The Administrative Court is mostly a court of appeal for quasi-judicial bodies or bodies that would have acted in a quasi-judicial role.
The way in which the State Procurement Board makes decisions is not quasi-judicial at all.
The SPB ensures all bidders meet tender requirements in a check-list fashion. It concerns itself with commercial requirements.
When it comes to technical compliance this is mostly done by the procuring entities who establish a committee to deal with such matters.
Any queries regarding technicalities are handled by this team.
Further, the manner in which they decide who wins the tender is not quasi-judicial at all.
There is, therefore, need for a quasi-judcial body to first entertain appeals in the strict sense of factual issues before an aggrieved party approaches a court. This body will act as the body of first instance in entertaining all complaints against procuring entities.
It must also be noted that in the procurement process there are a number of issues that may arise which do not necessarily need the intervention of a court of law.

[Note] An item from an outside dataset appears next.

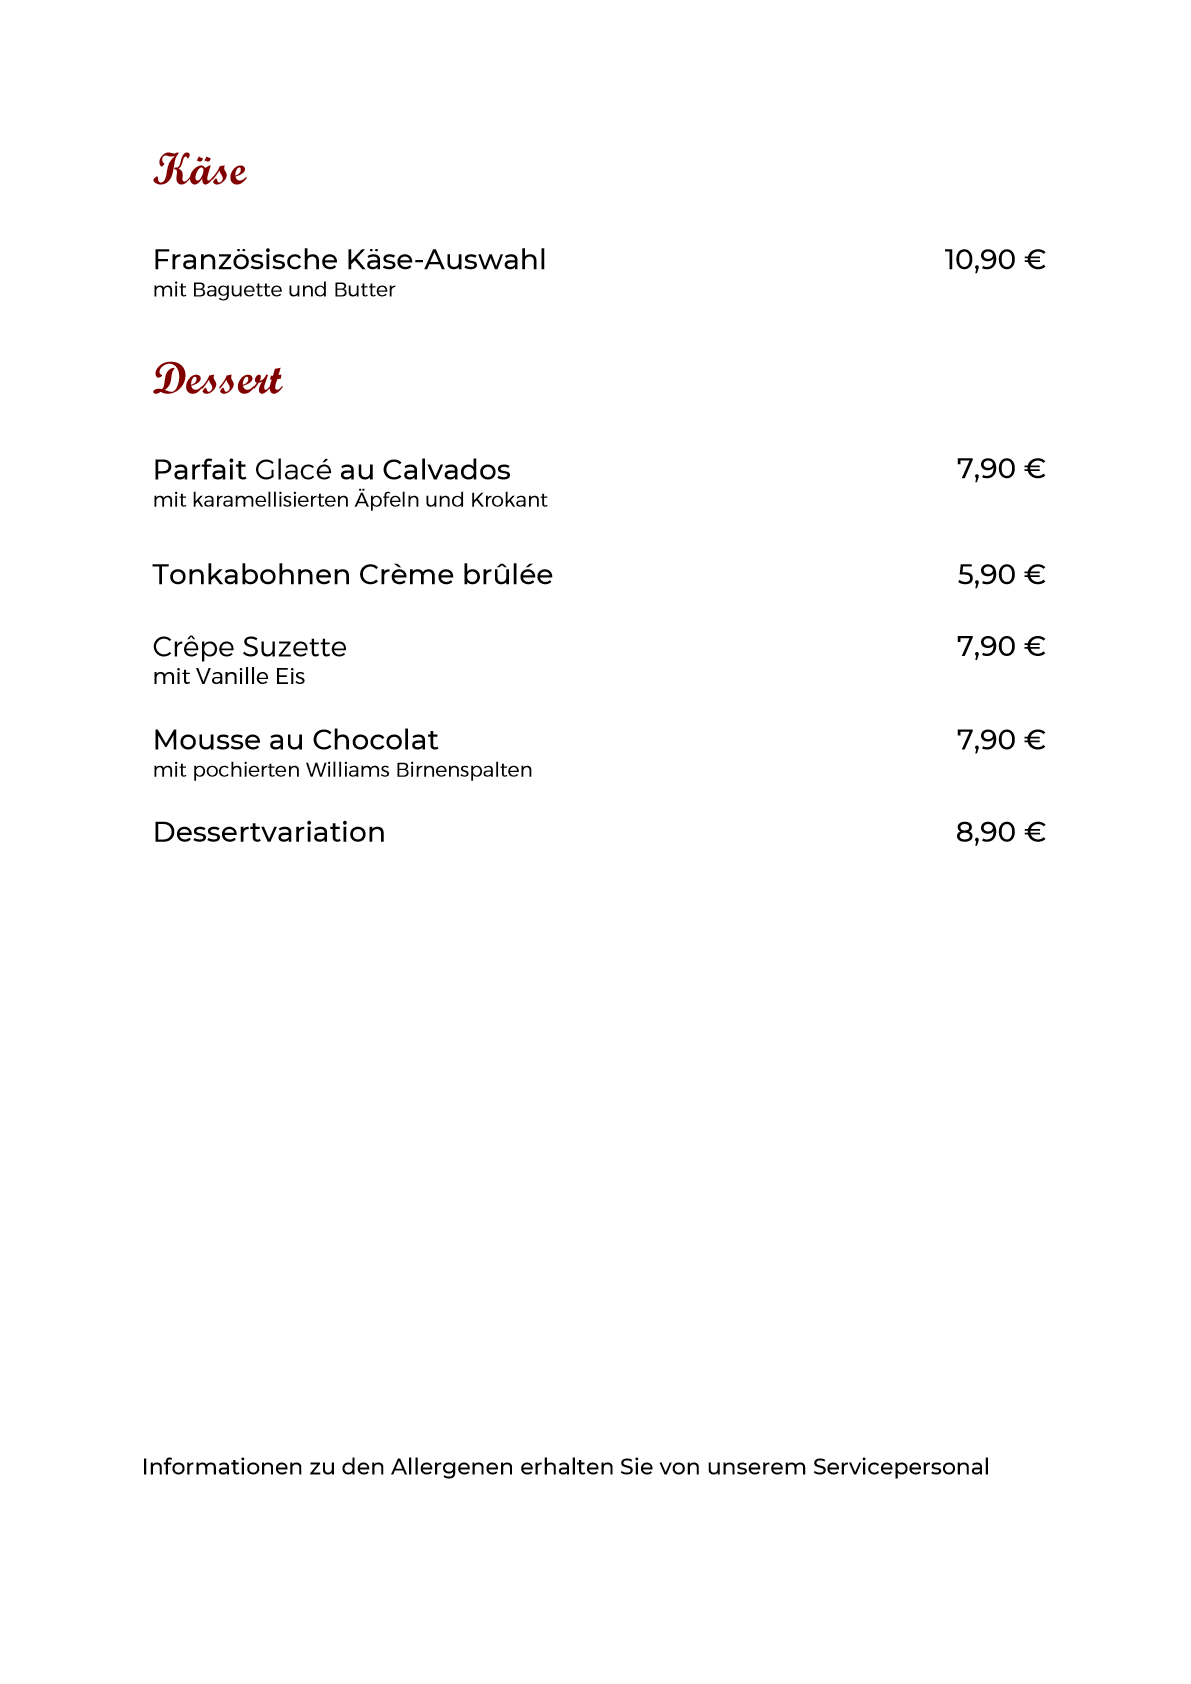 Speisekarte Dessert neu 15.09.2021

For instance, one may be aggrieved that a tender has been denied because it is alleged that it was late when in actual fact officers of the SPB failed to formally stamp it and acknowledge that it was received well within time.
This should be an issue that need not be litigated; but with the current law, any decision of the SPB with which one is aggrieved by has to addressed to the Administrative Court.
The South African Competition Commision is an administrative body that makes decisions like our SPB.
Those aggrieved by its decisions appeal to the Competition Commission Tribunal. This is a specialist court that deals with issues emanating from the commission.
Appeals from the Tribunal lie to the Competition Appeal Court.
Dispute ajudicators in public procurement need to be specialists. The Administrative Court’s current set-up is a far cry as to what is required both in terms of the constitution and the model law as an effective institution for settlement of public procurement disputes.
An analysis of judgments emanating from the court over the past four years reveals a dearth of local legal authorities and international jurisprudence relied upon in decision-making processes.
The short judgments, which are not reported in any of our local law reports including Internet law reporting, do not show a clear understanding of procurement processes, legislation and international law upon which the legislation hinges on.
One will not find a single case which quotes foreign case law.
It would seem reliance is placed entirely on the wisdom of the presiding officer and assessors as is done in traditional-customary legal systems.
At the end of the day, while there can be little doubt that new legislation will be crafted in terms of UN General Assembly Resolution 66/95 of December 9, 2011, without a proper localisation of the law the current adjudication problems are likely to remain.
Lawmakers either need to remove public procurement disputes from the realm of the Administrative Court or alternatively ensure that the court is constituted by individuals capacitated to properly adjudicate complexities emanating from the contentions of high value litigation involved in public procurement disputes.
◆ Tazorora Musarurwa, LLB (Fort Hare) and LLM (Pretoria), is the managing partner at a leading law firm in Harare. He writes in his personal capacity.